When I hear someone say “husband” on the radio while driving and I grip the steering wheel a little tighter.
When I scroll through wedding posts, engagement announcements, or gender reveal pictures on Facebook and I close my eyes and take a deep breath.
When I hear Adele’s “When We Were Young” at a Dunkin Donuts as I stand in line waiting to order my medium coffee light and sweet (or cold brew black) and I pretend I’m fixing my eyeliner when really I’m just letting the tears pool on to the side of my fingers.
When I see someone who does not yet know and I avoid contact as I chant in my head “please don’t ask, please don’t ask.”
When I’m laughing with a friend or coworker and suddenly I feel like I’m two people at once – one who is going to be ok and another who wonders if she ever will be.

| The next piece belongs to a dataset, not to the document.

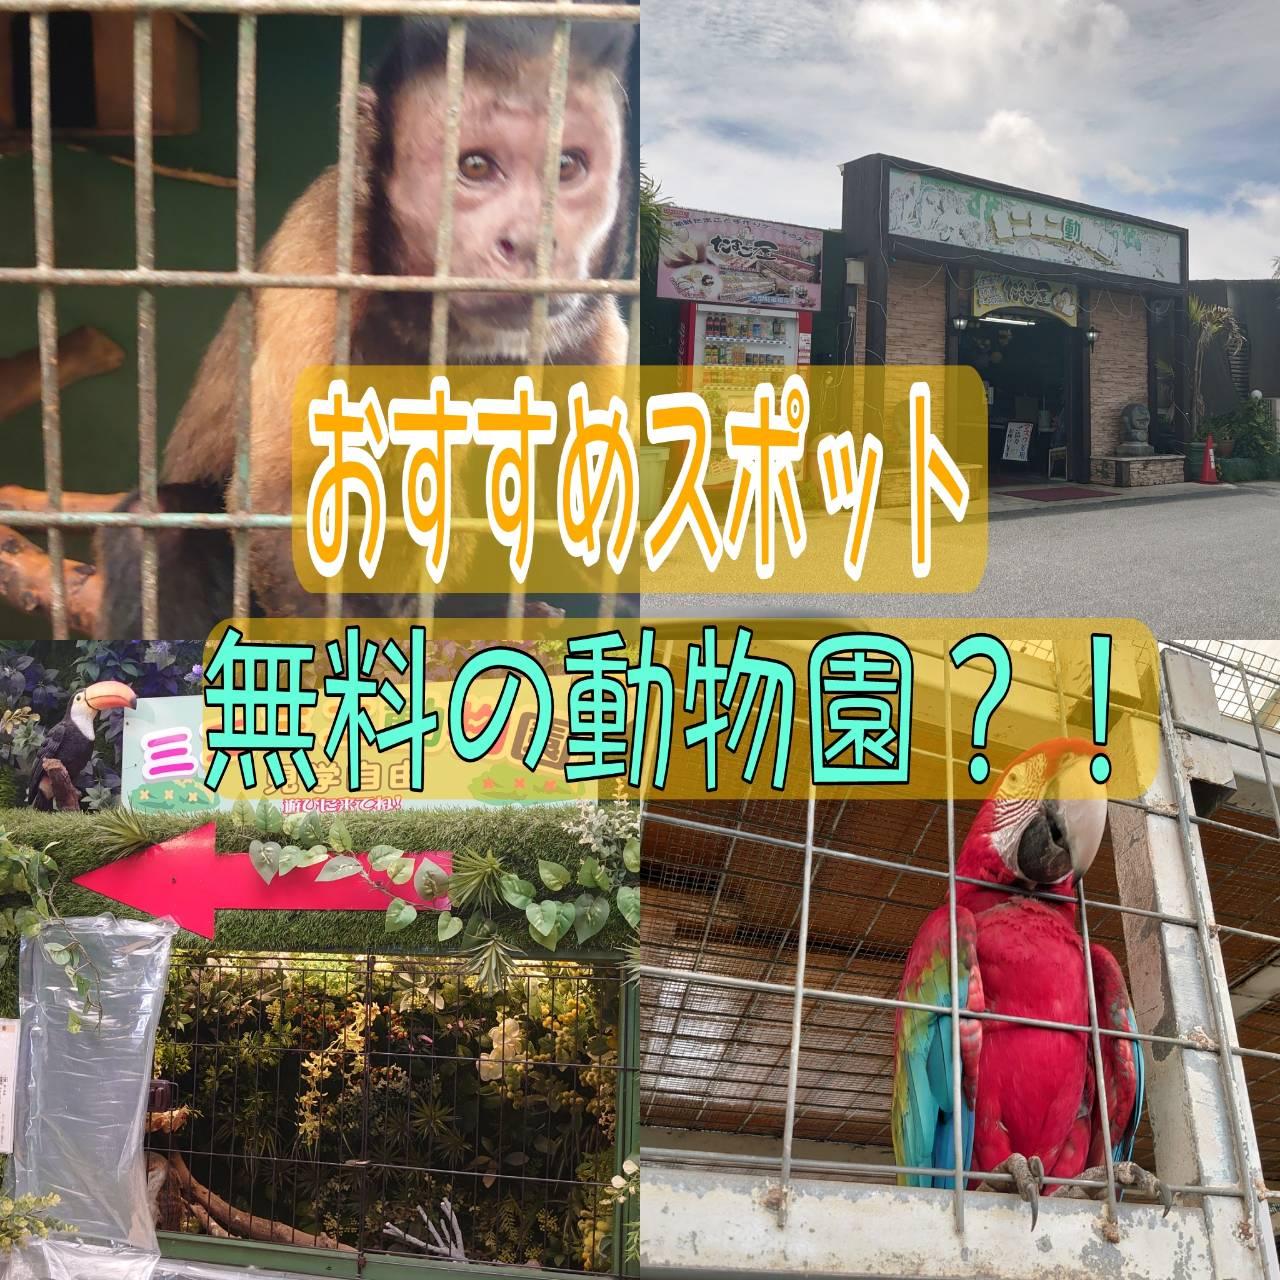 ☆沖縄おすすめ隠れスポット紹介☆その㊹(@ミニミニ動物園)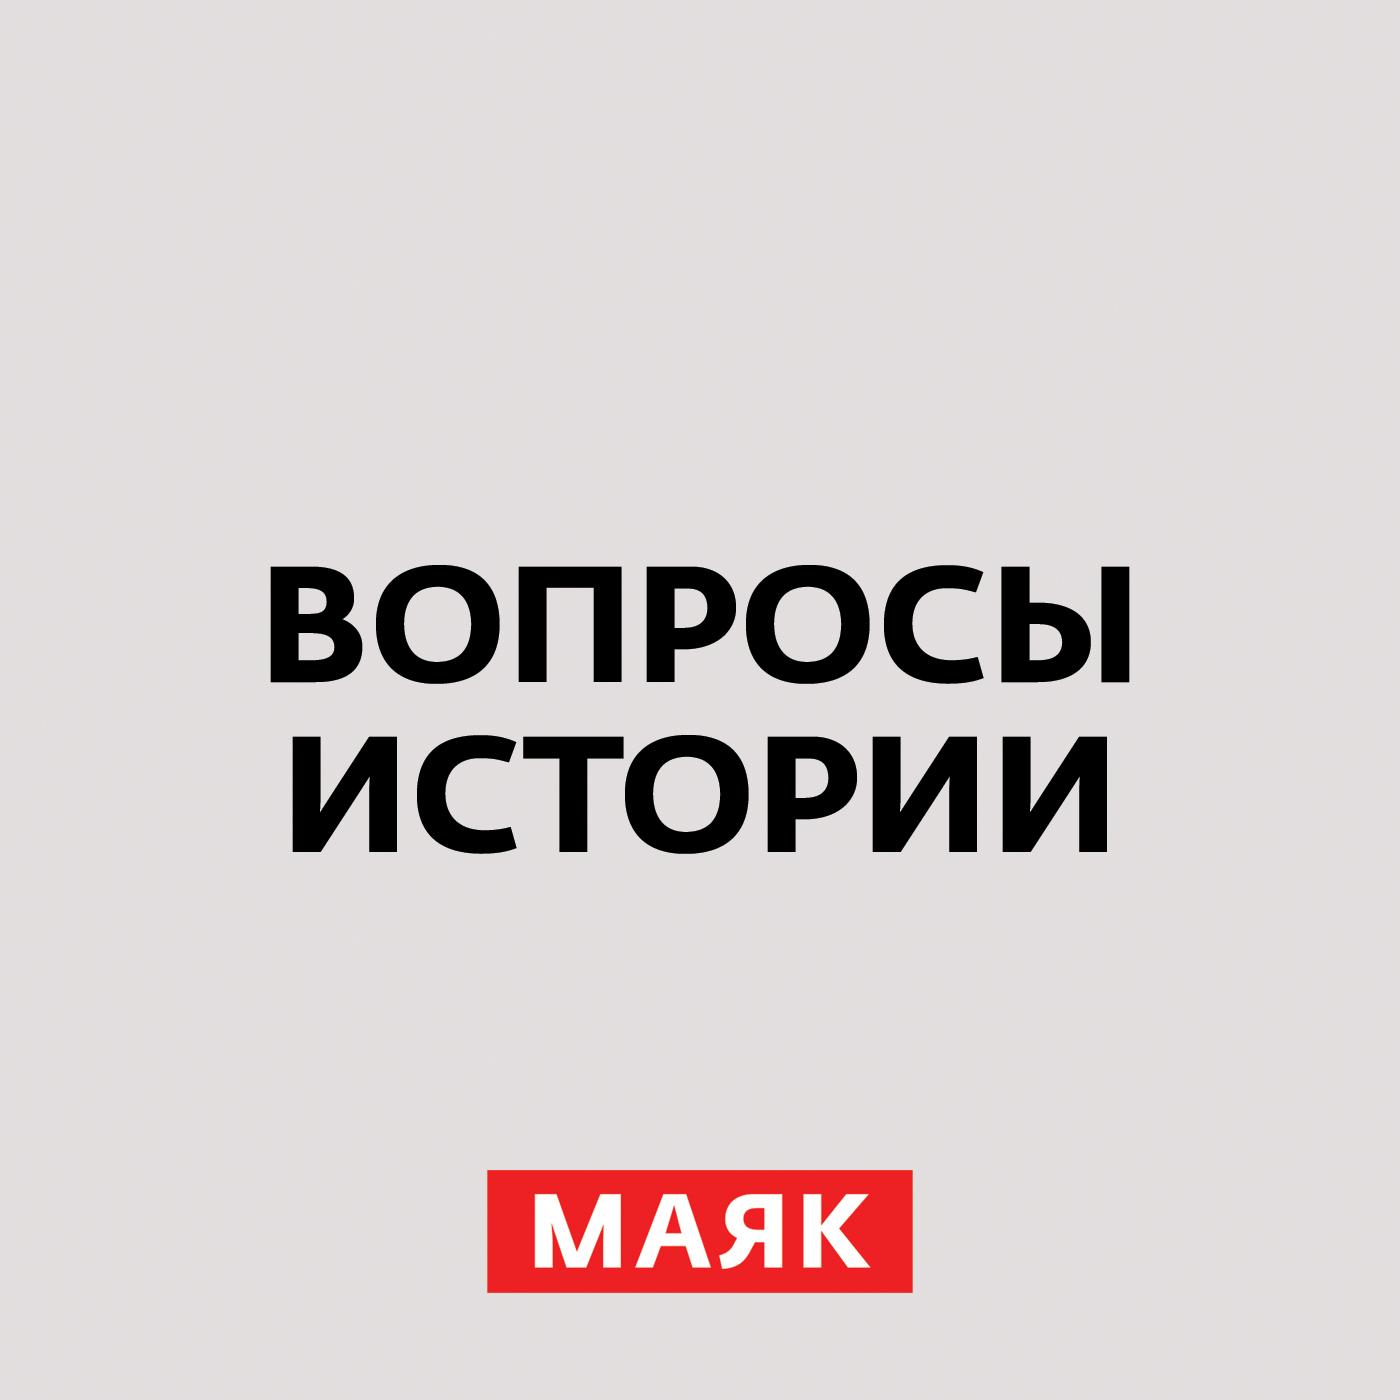 Андрей Светенко Речь Сталина 3 июля: почему каждый абзац вызывает недовольство. Часть 3 андрей светенко речь сталина 3 июля почему каждый абзац вызывает недовольство часть 3

When I notice the clock getting closer to the end of the work day, signaling the time to return to a home I didn’t ask for, and I can actually feel a rope connecting my heart and throat as if they are playing tug-of-war.
When I’m out with friends having a seemingly good time and a memory makes its way into my head so I make fists, pressing my nails into my palms because I heard that your body can’t feel pain in two places at once.
And you can’t. Your brain also can’t handle dealing with so much hurt…so it doesn’t. So for most of the day you’re fine, and smiling, and laughing, and telling yourself you will rise above this.
But there are moments. Too many moments.